| What you need to do |
The full listing, written out exactly and without images, is the expected result.

| Data section |
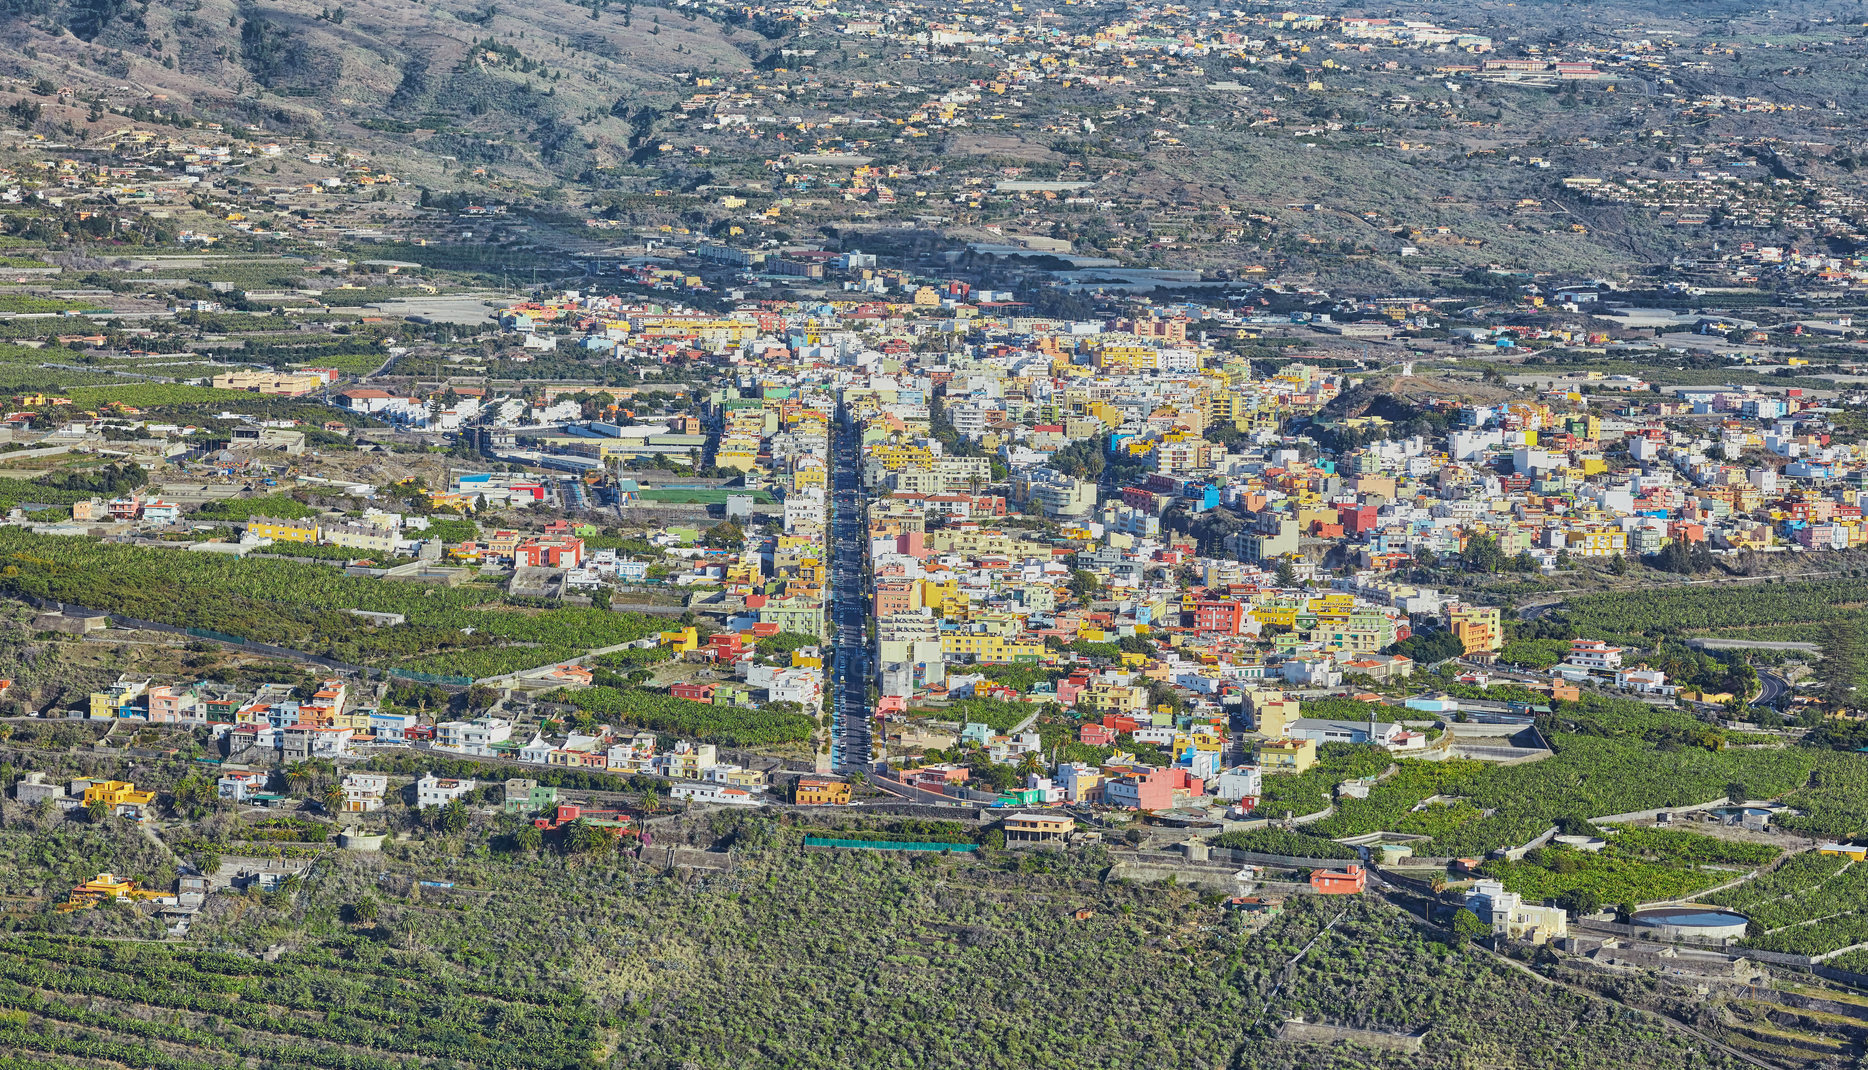 Buy stock photo Landscape aerial view of Los Llanos, La Palma in Canary Islands during the day. Scenic view of a city in an idyllic tourist travel destination from above. Small and beautiful seaside village
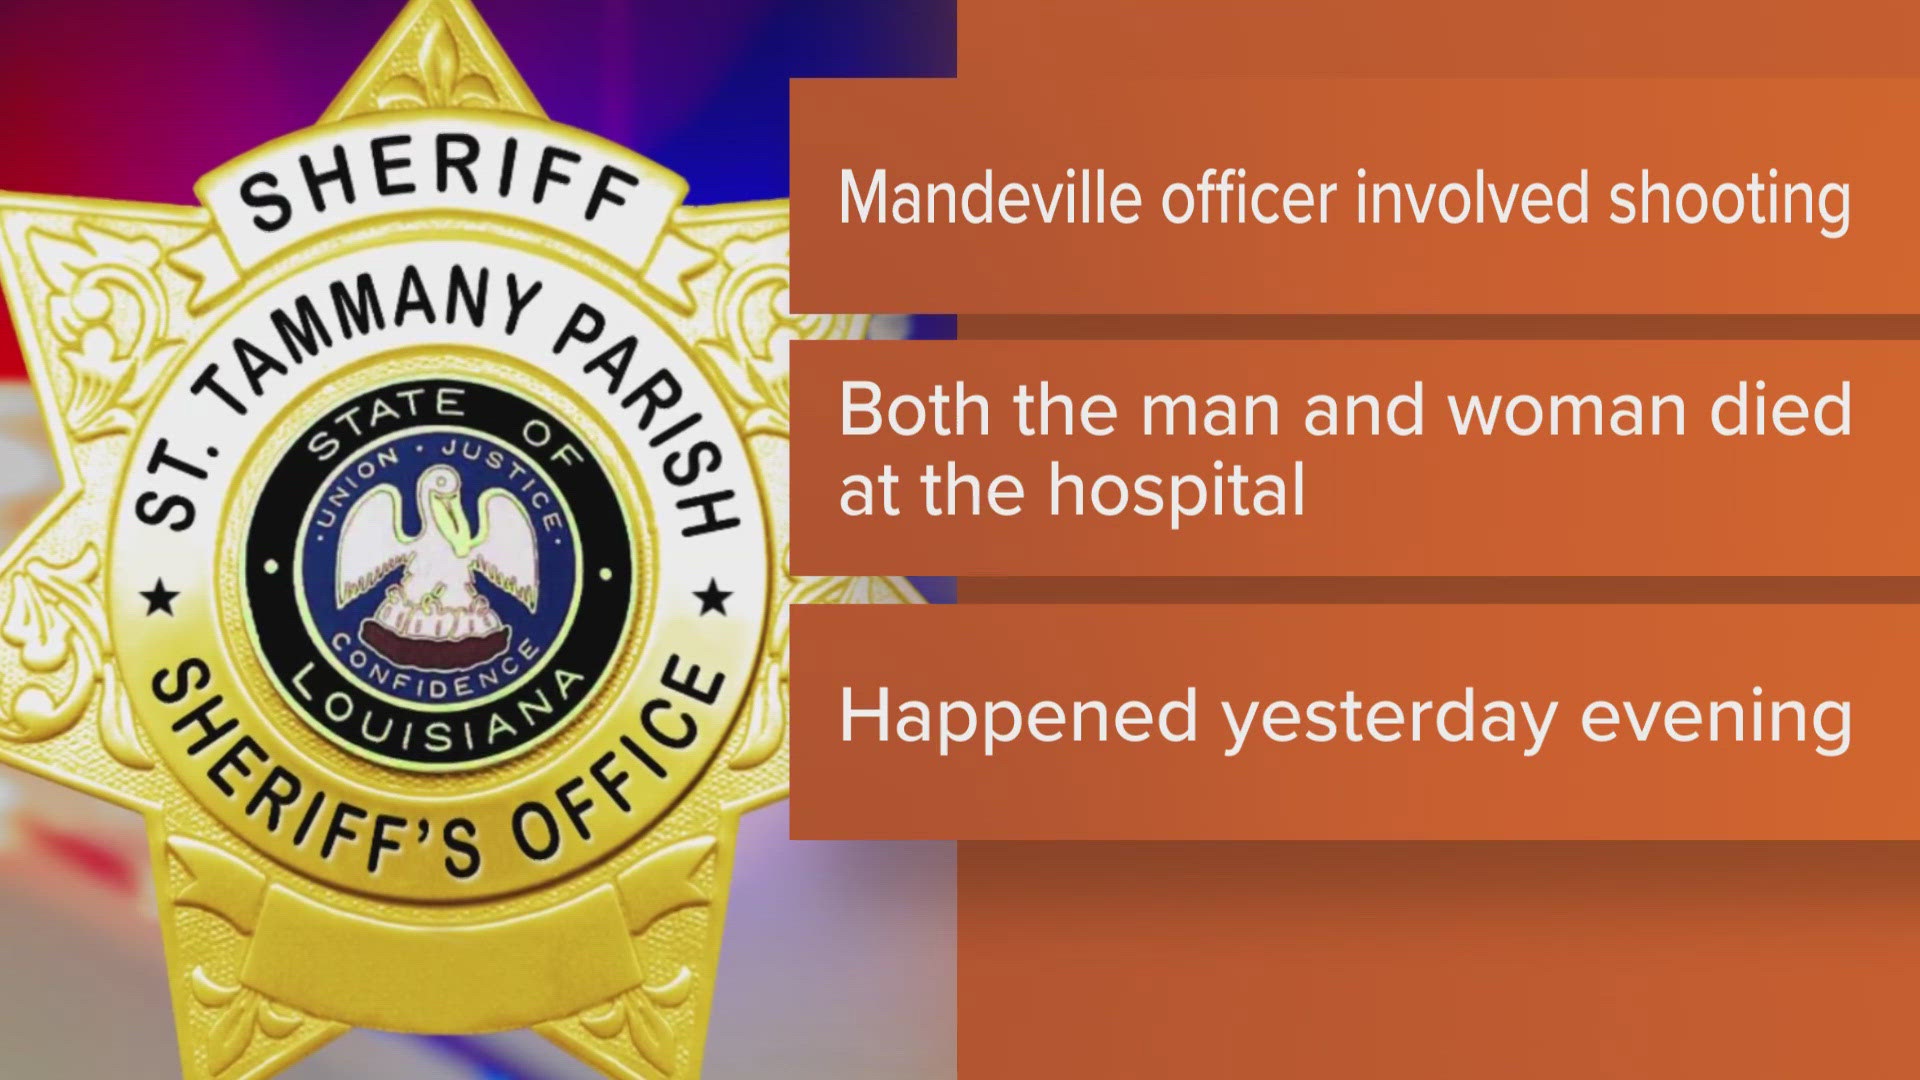 Mandeville Police responded to a call for help and say they saw a man shot a woman running from a home. They eventually shot and killed the man.
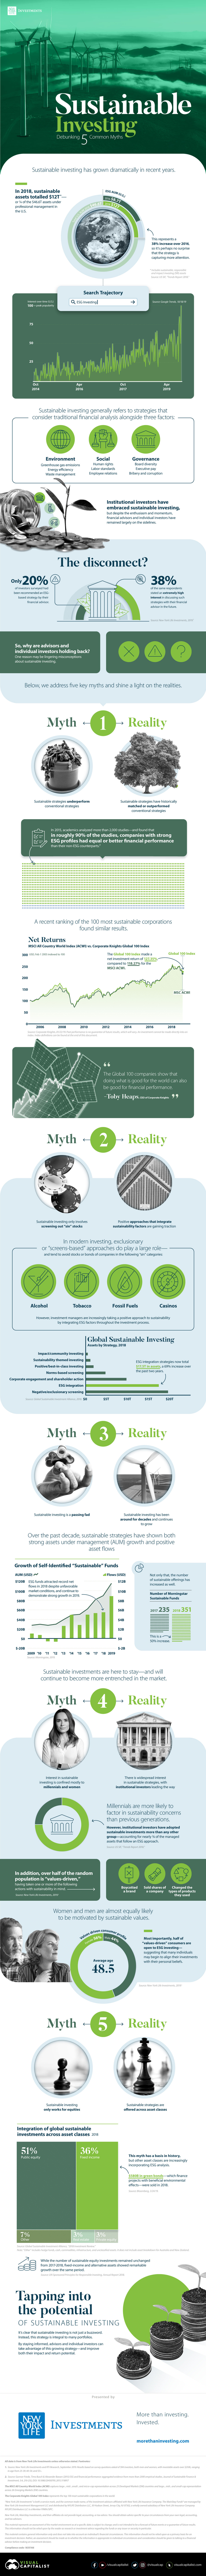 Sustainable Investing Infographic
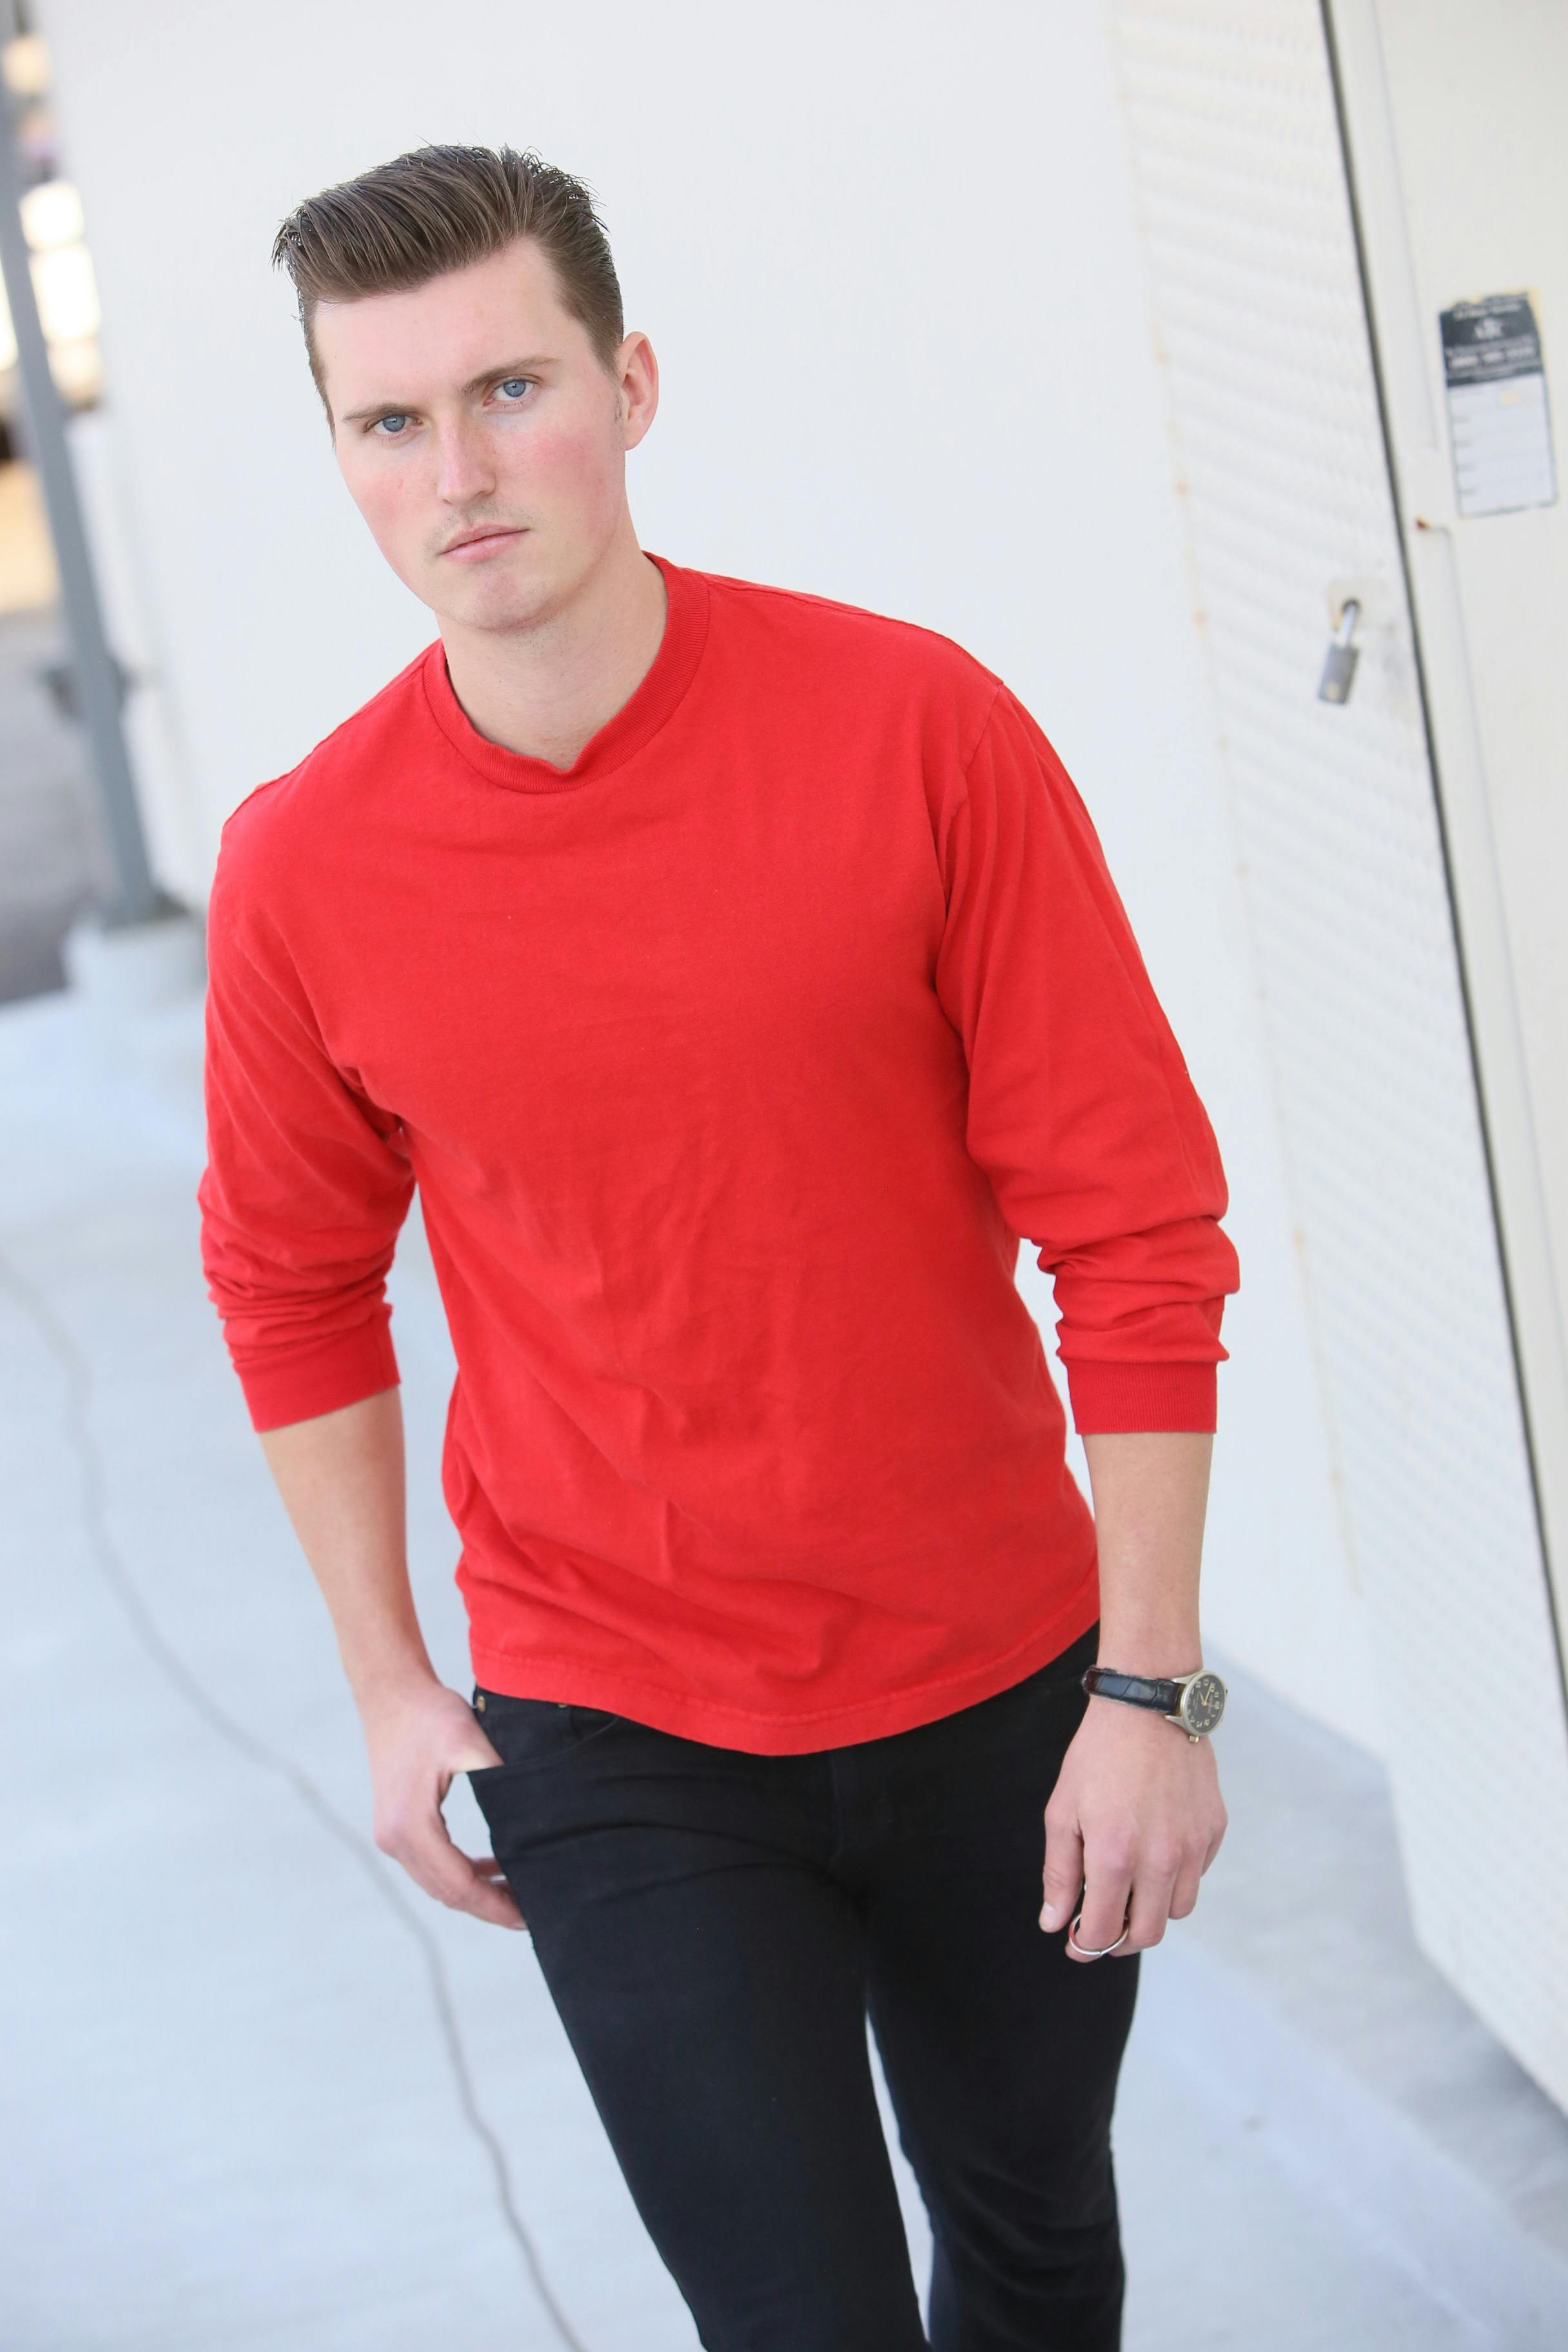 White Pants with Red Shirt Outfits For Men In Their 20s 6 ideas  outfits   Lookastic

| Exercise output |
 Buy stock photo Landscape aerial view of Los Llanos, La Palma in Canary Islands during the day. Scenic view of a city in an idyllic tourist travel destination from above. Small and beautiful seaside village
 Mandeville Police responded to a call for help and say they saw a man shot a woman running from a home. They eventually shot and killed the man.
 Sustainable Investing Infographic
 White Pants with Red Shirt Outfits For Men In Their 20s 6 ideas  outfits   Lookastic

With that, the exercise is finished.